There are a number of Holocaust-related programmes on this week, leading up to Holocaust Memorial Day on Friday. This one focused on the mass shootings carried out by the Einsatzgruppen as Nazi troops advanced into the Soviet Union, and the complicity of many local people in those massacres. It made for chilling viewing.
It included aerial photographs and film shot by the Nazis, and records showing the numbers of people killed in each mass shooting. Many of the graves have never been found, but an American team’s working on locating them, using radio wave and imaging technology as well as the film and photos. We saw some of their work.

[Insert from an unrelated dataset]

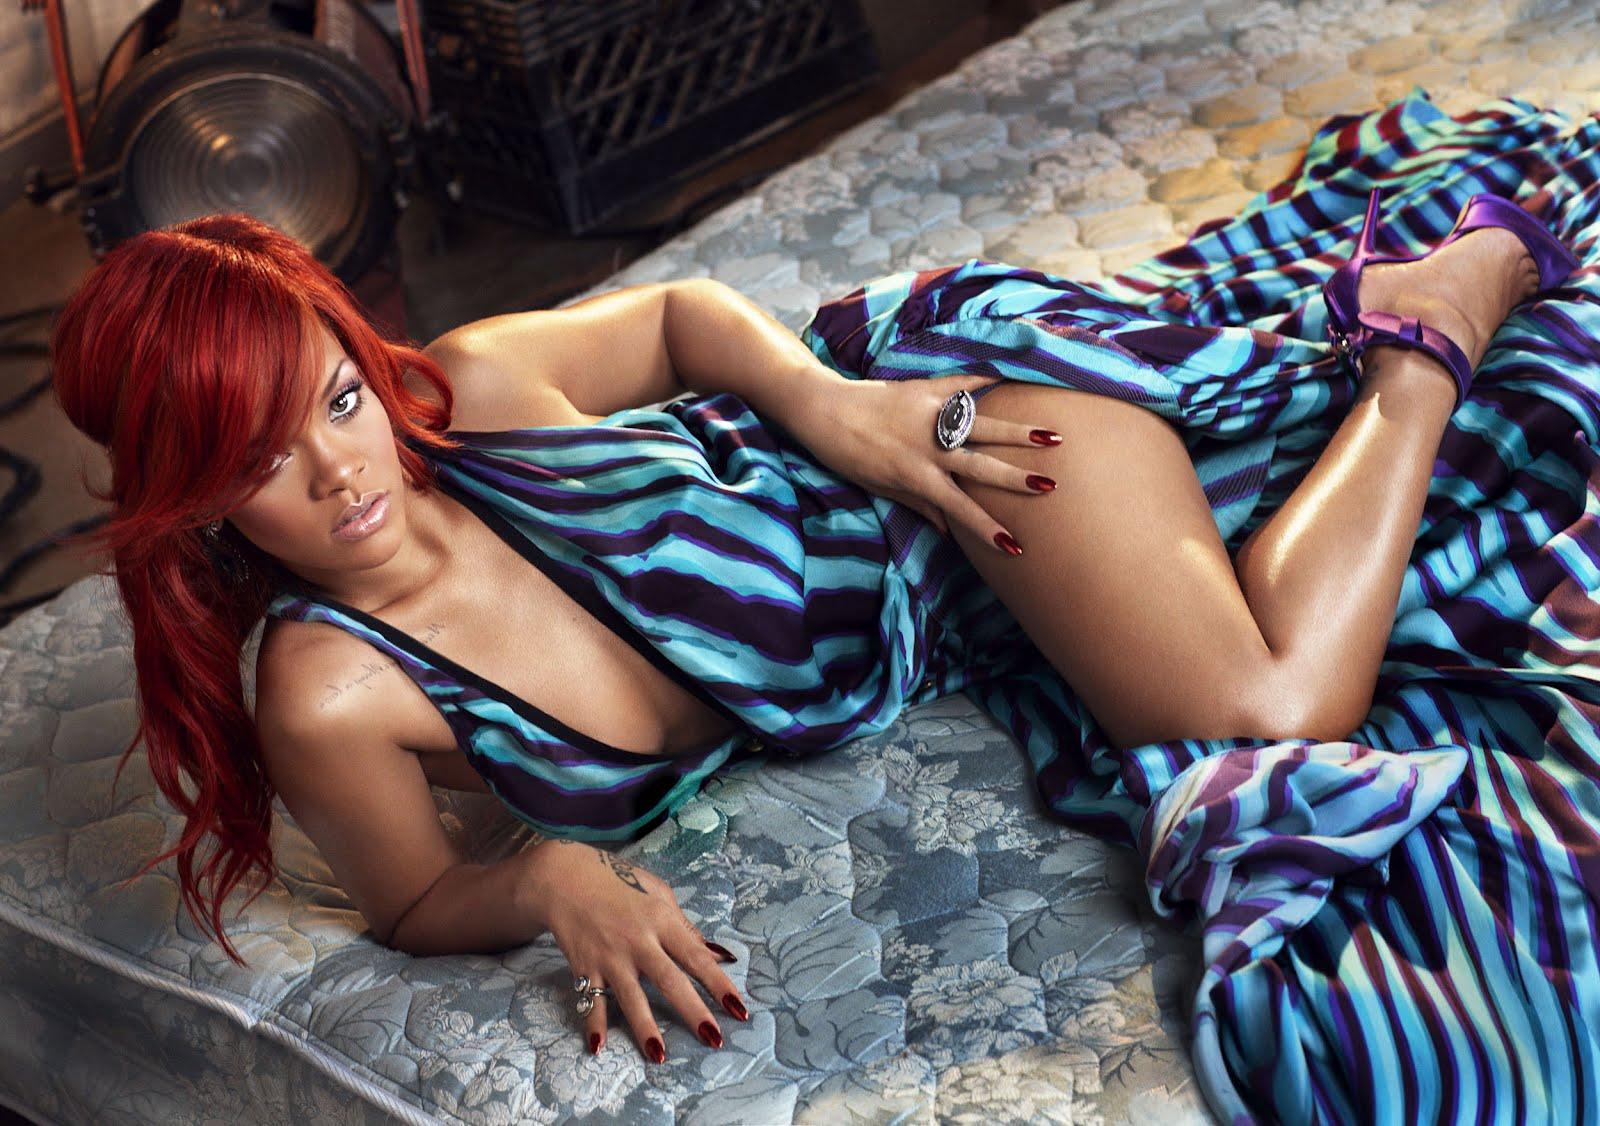 Rihanna Toes: The Toe Cleavage Blog: Rihanna Week

The programme followed the route of one of the four teams of Einsatzgruppen. So many burial sites, some of them very close to town and village centres, exist, and the numbers killed are so high, that one team of Einsatzgruppen couldn’t have rounded up and killed them all. It’s known that some local people were complicit in the killings. Presenter James Bulgin spoke to a woman whose relatives were killed by fellow Lithuanians from their own town. Local people could also be seen on the photos, watching – as James said, as if it were some sort of spectator sport.

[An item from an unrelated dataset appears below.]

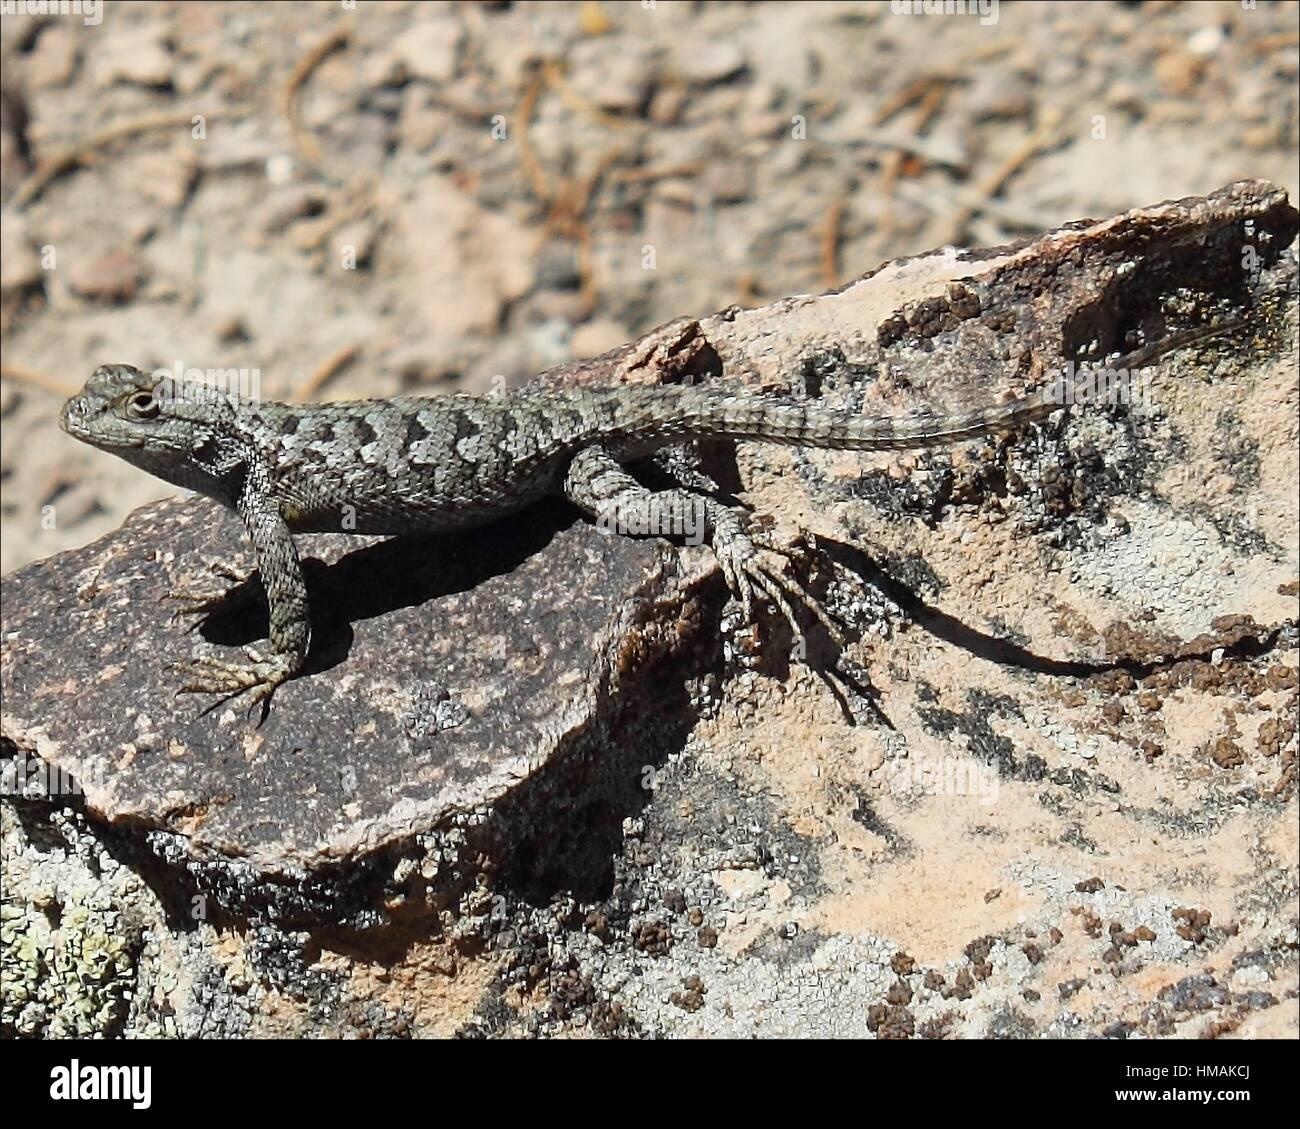 A lizard suns itself on a warm rock in Elko, Nevada. - Stock Image

James spoke to a 97-year-old lady who witnessed one of the massacres: it took place in a field next to her home, in a town where 80% of the population was Jewish. We heard how local people forced the Jewish population to the killing site, and Lithuanian policemen then carried out the shootings. The locals then looted the homes of the murdered.
I think the idea of the programme was partly a reminder that the Holocaust didn’t begin with organised death camps, and partly a reminder that many local people participated in the massacres. A Lithuanian author spoke of the abuse she’s received since publishing a book on the subject.
It wasn’t just Lithuania: it was Latvia and Ukraine as well. I’ve been to Babyn Yar, or Babi Yar to use the more familiar Russian name. There’s a memorial there now, but there wasn’t then. The programme showed a filmed account given by a survivor. It’s the best known of the massacres, but it was only one of many.
James explained that, until late 1941, there’d been no programme of mass shootings in Poland. And that there was concern about the mental health of the soldiers carrying out the shootings. He then met a team working to uncover burial trenches in Poland where people were forced into pits and covered with boiling quicklime. As he said, the idea of a Final Solution had been formulated but they were testing different methods of killing.
They eventually, of course, concluded that the answer was gas chambers – first used in 1939, on disabled people. And so the death camps were set up.
This was truly horrible. It can’t be very nice for the teams working to find the mass graves, but they’re doing a job which they feel is very important. And, as James concluded, what happened wouldn’t have been possible without collaborators. All in all, an interesting but chilling hour’s TV.
One thought on “How the Holocaust Began – BBC 2”
Lots and lots of collaborators, I’m afraid. However, if you go by all the novels written about the time, you might get a very different – and thereby wholly inaccurate – idea.